As the answer, return precisely the lines from the one containing "#StJude #LettersofGratitude #StJudePrayforUs" to the final line of the material below, inclusive, and omit every picture.

□ □ □

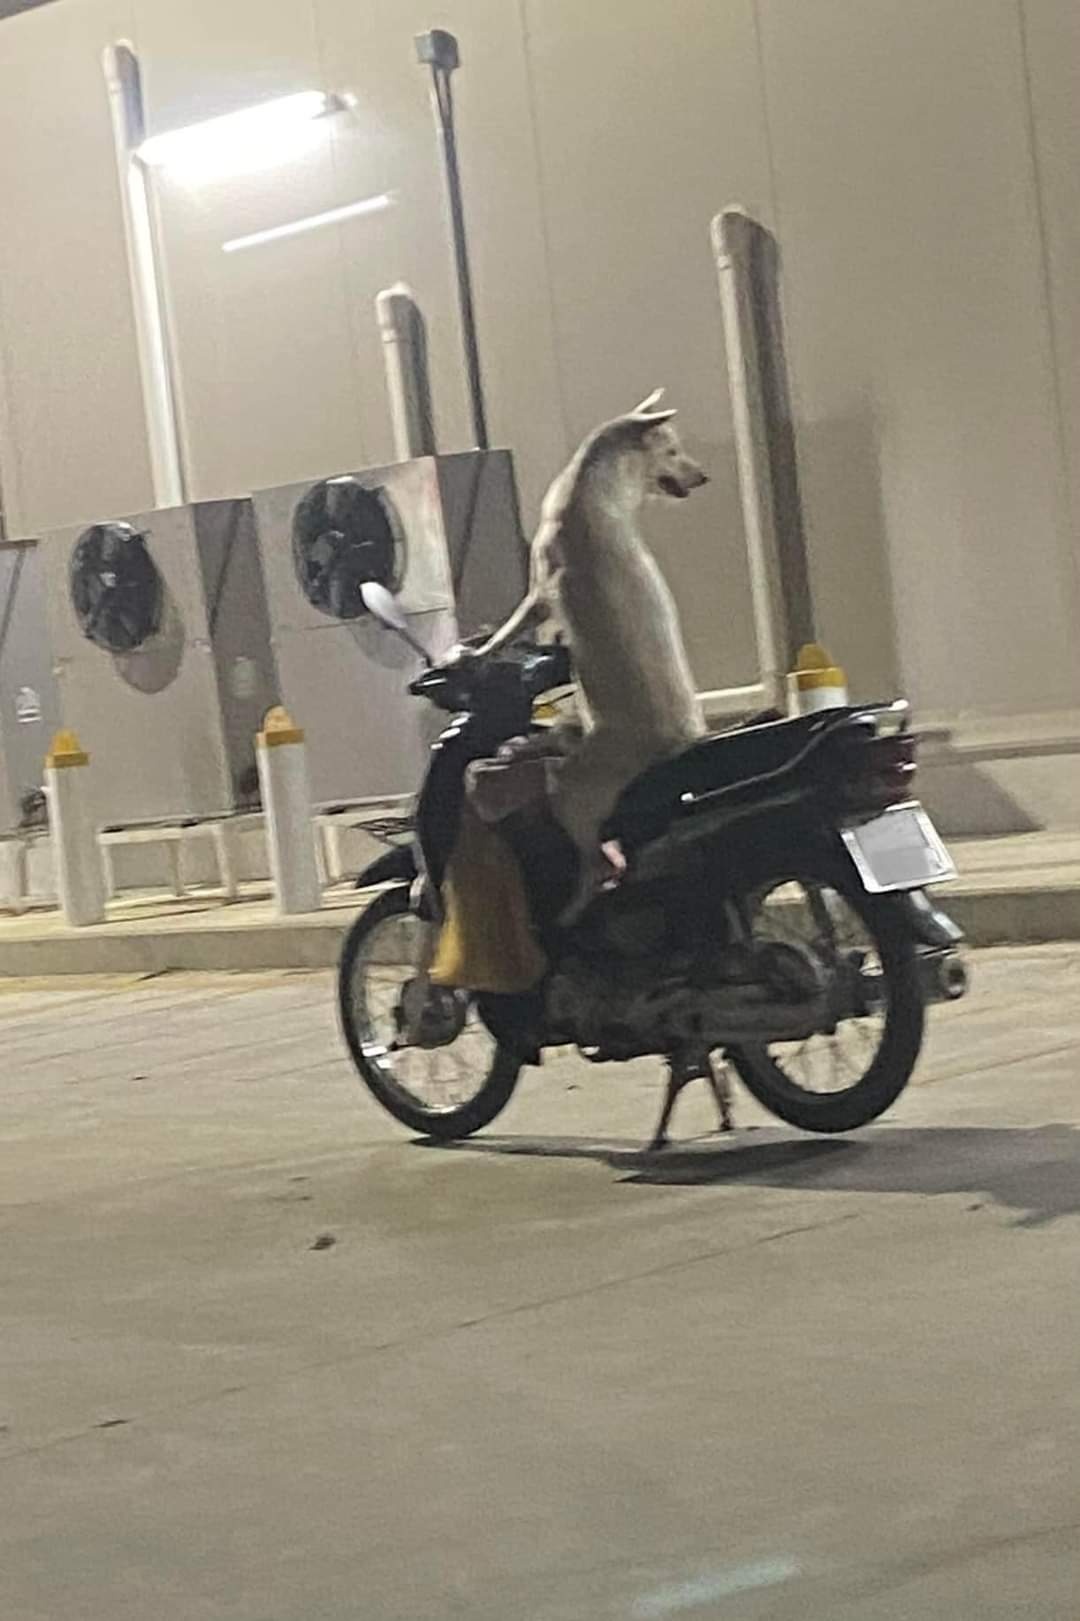 dog riding on motorcycle
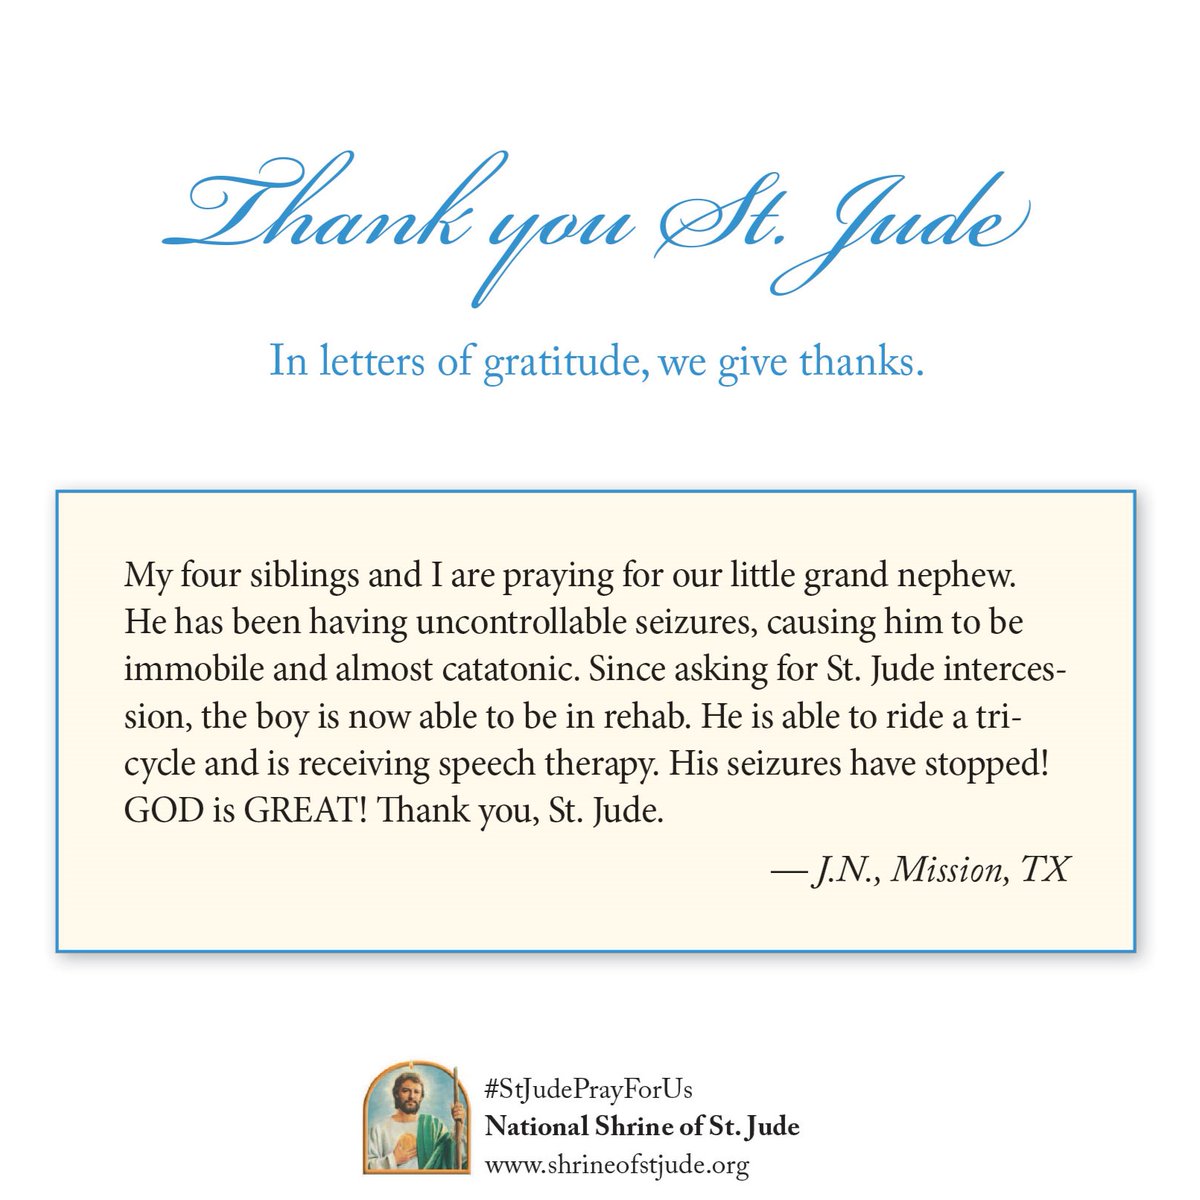 In letters of gratitude, we give thanks.

'GOD is GREAT! Thank you, St. Jude.'
— J.N., Mission, TX

-

#StJude #LettersofGratitude #StJudePrayforUs
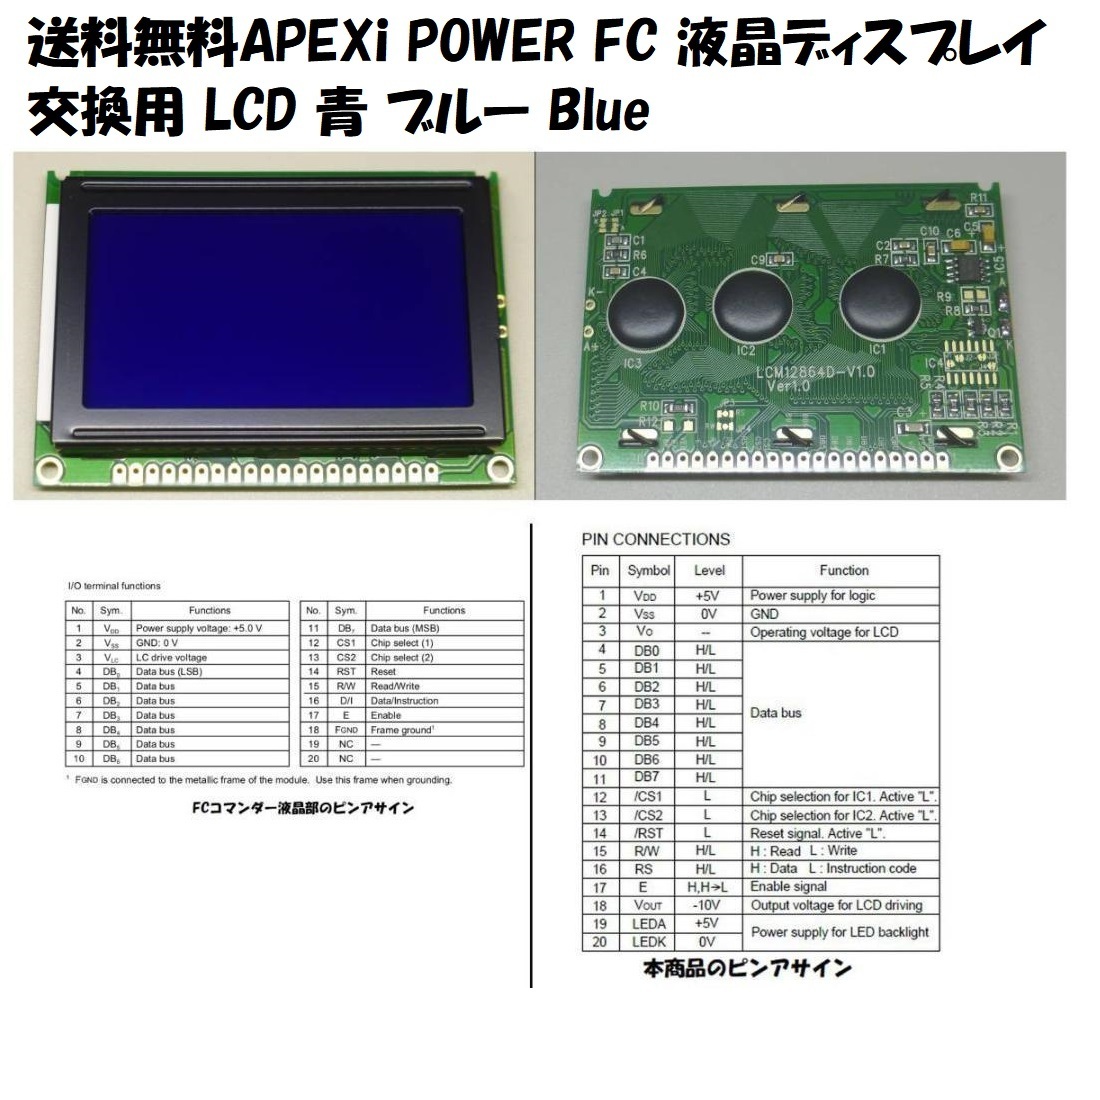 Apexi POWER FC & FCコマンダーセットの価格比較 - みんカラ
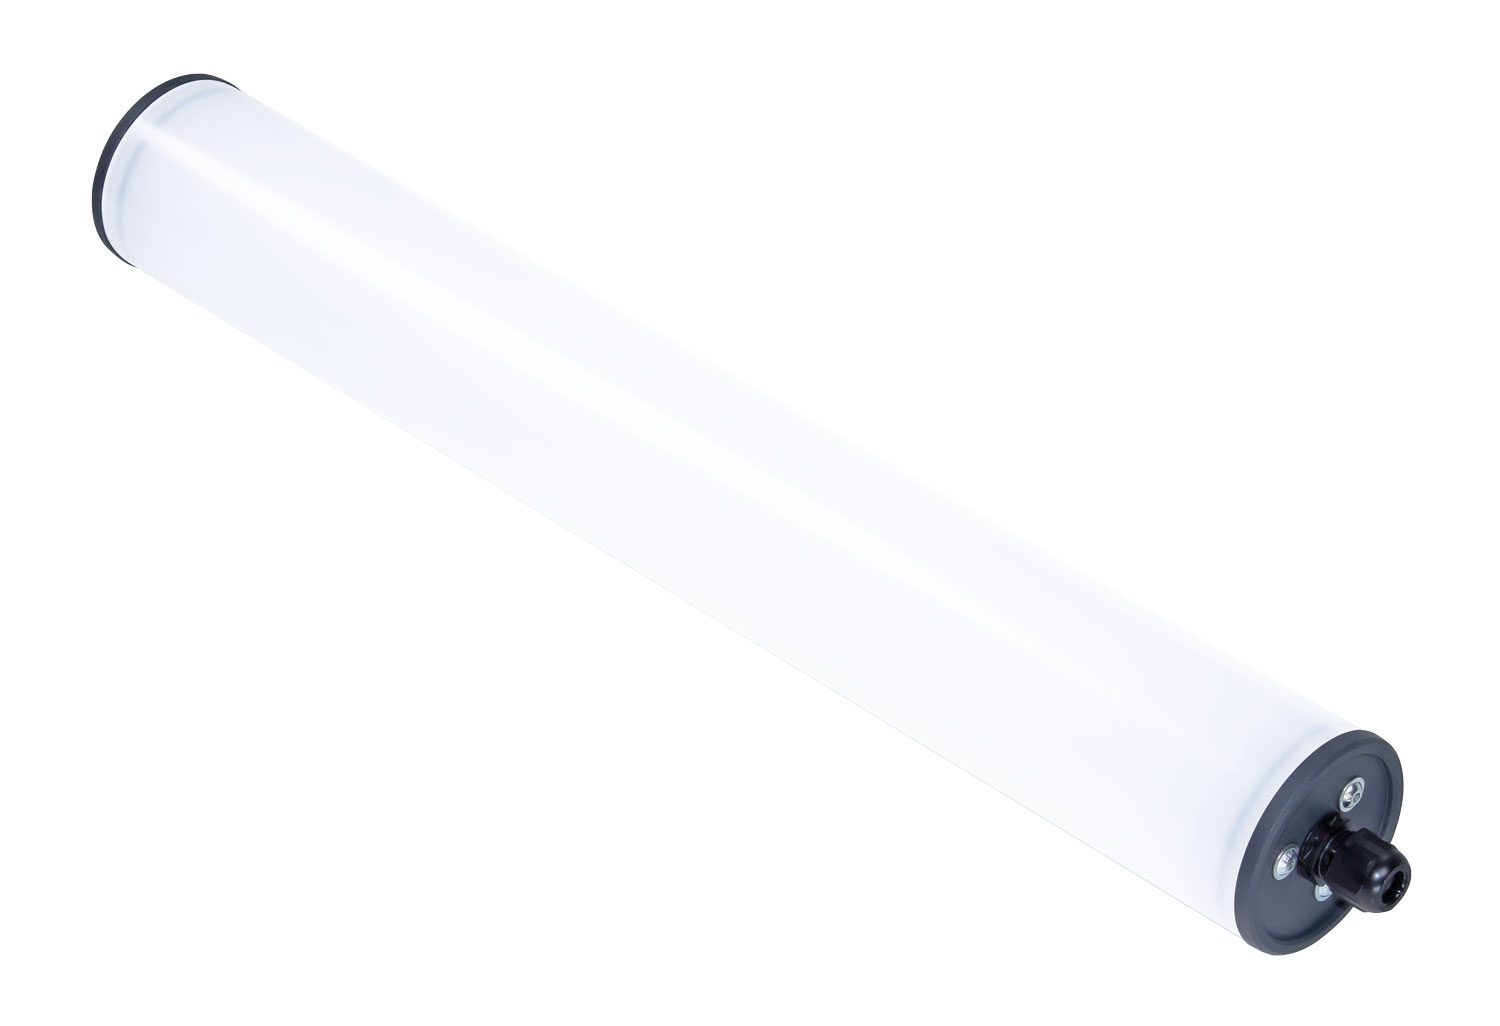 reservering houding ontvangen Werkbanklamp LED2WORK bij Flume technology | Model Opbouwbuislamp INROLED  70 AC ECO, beschermbuis borosilicaat, 125°, 921 mm, 220-240V AC

□ □ □

# EXERCISE OUTPUT:
#StJude #LettersofGratitude #StJudePrayforUs
 Apexi POWER FC & FCコマンダーセットの価格比較 - みんカラ
 reservering houding ontvangen Werkbanklamp LED2WORK bij Flume technology | Model Opbouwbuislamp INROLED  70 AC ECO, beschermbuis borosilicaat, 125°, 921 mm, 220-240V AC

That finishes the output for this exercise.